▶ **Action item**:
Omitting the pictures, print every line below exactly as it stands.

START Supplied data

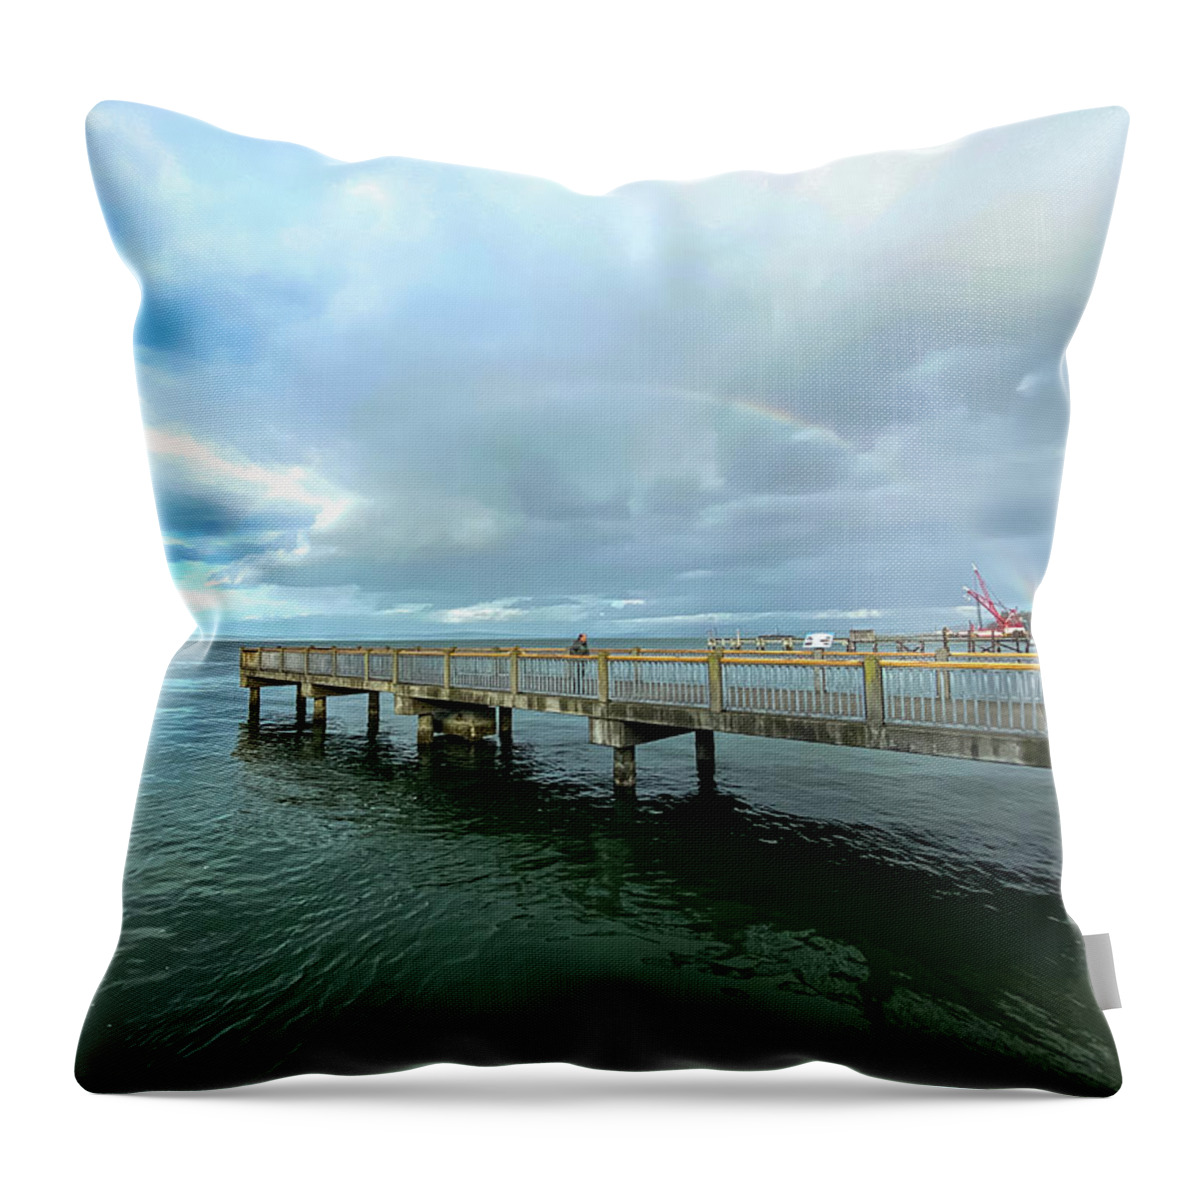 Rainbow Throw Pillow featuring the photograph Complete Rainbow by Anamar Pictures
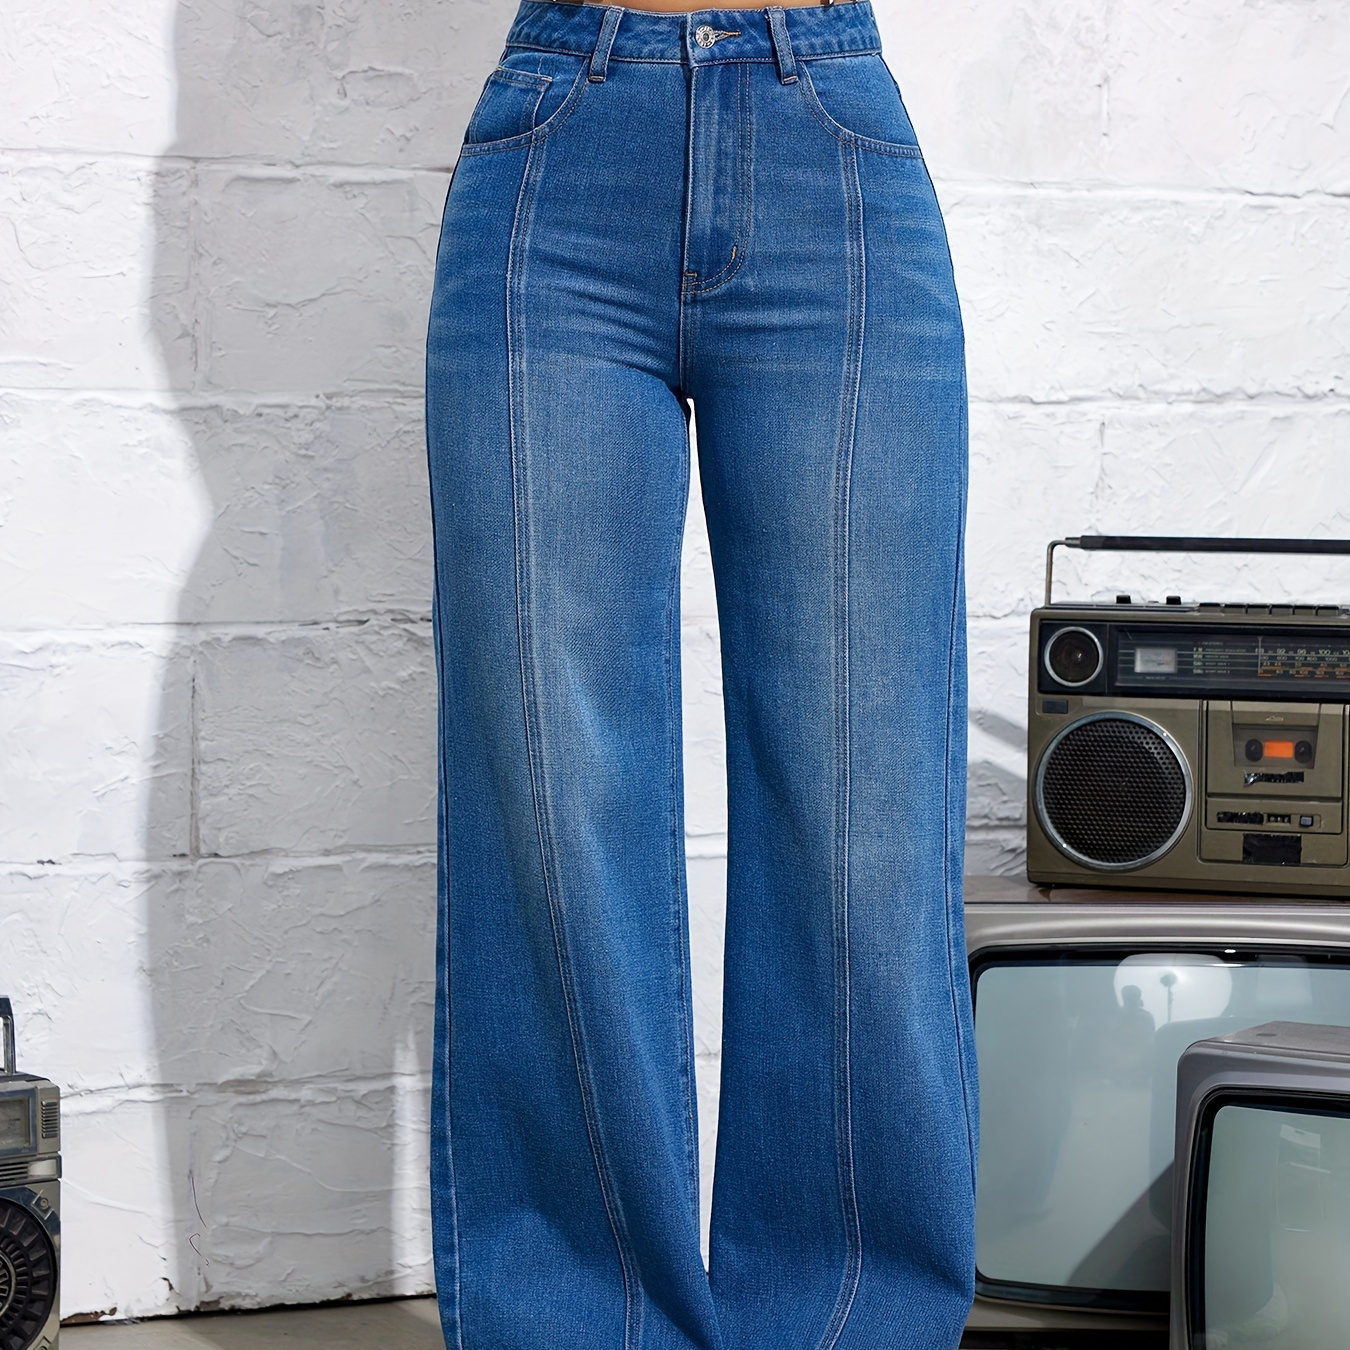 

Women's High-waisted Wide Leg Denim Jeans, Street Style, Non-stretch, Floor-length Casual Pants, Vintage Blue
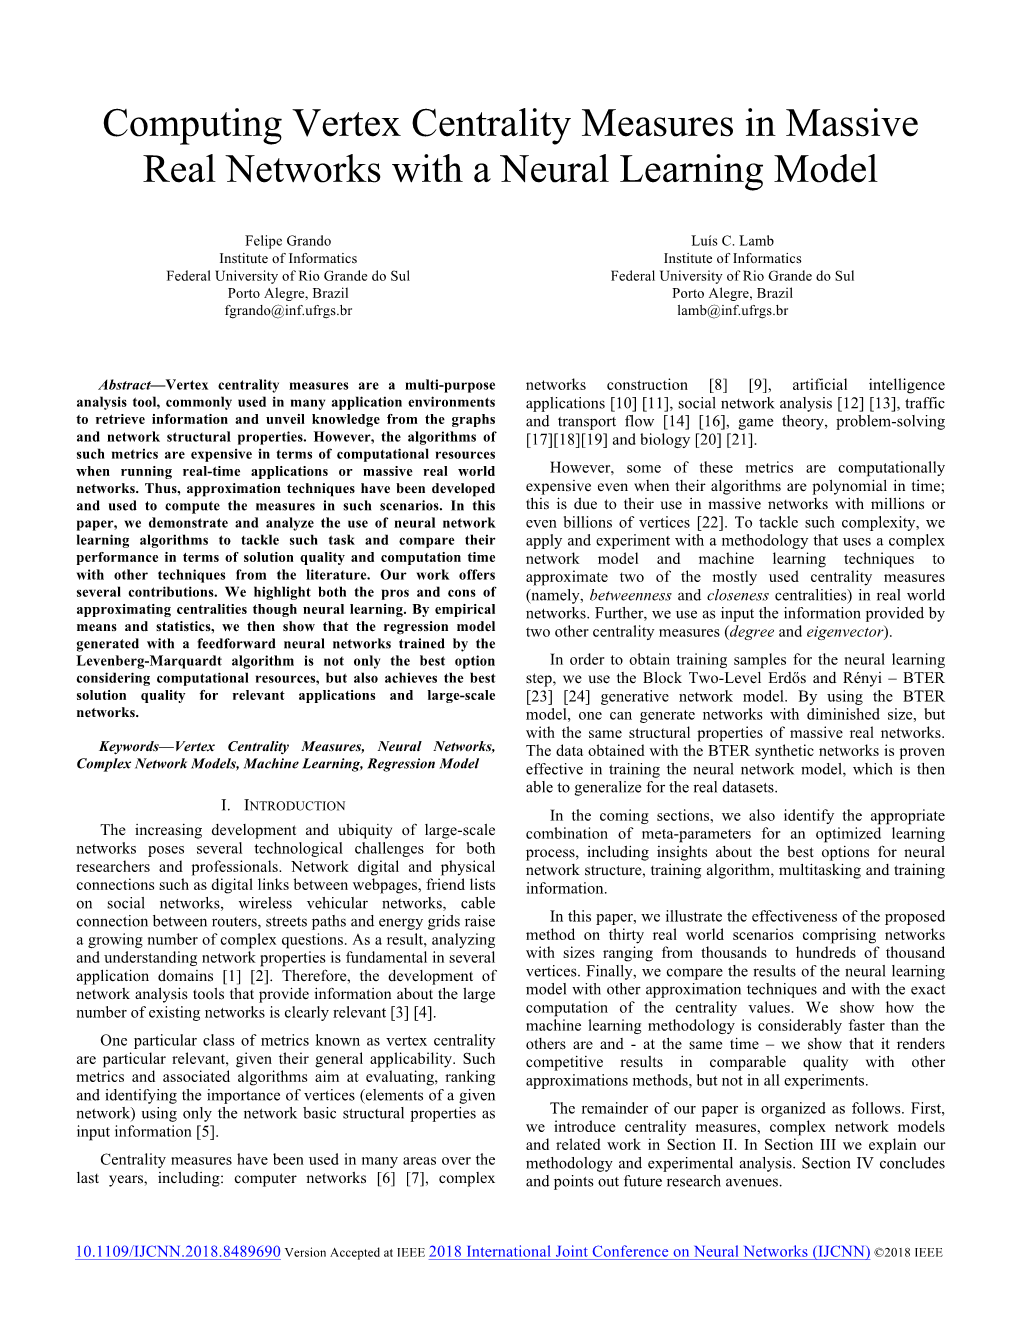 Computing Vertex Centrality Measures in Massive Real Networks with a Neural Learning Model

END Supplied data

▶ **Task answer**:
 Rainbow Throw Pillow featuring the photograph Complete Rainbow by Anamar Pictures

Women's High-waisted Wide Leg Denim Jeans, Street Style, Non-stretch, Floor-length Casual Pants, Vintage Blue
 Computing Vertex Centrality Measures in Massive Real Networks with a Neural Learning Model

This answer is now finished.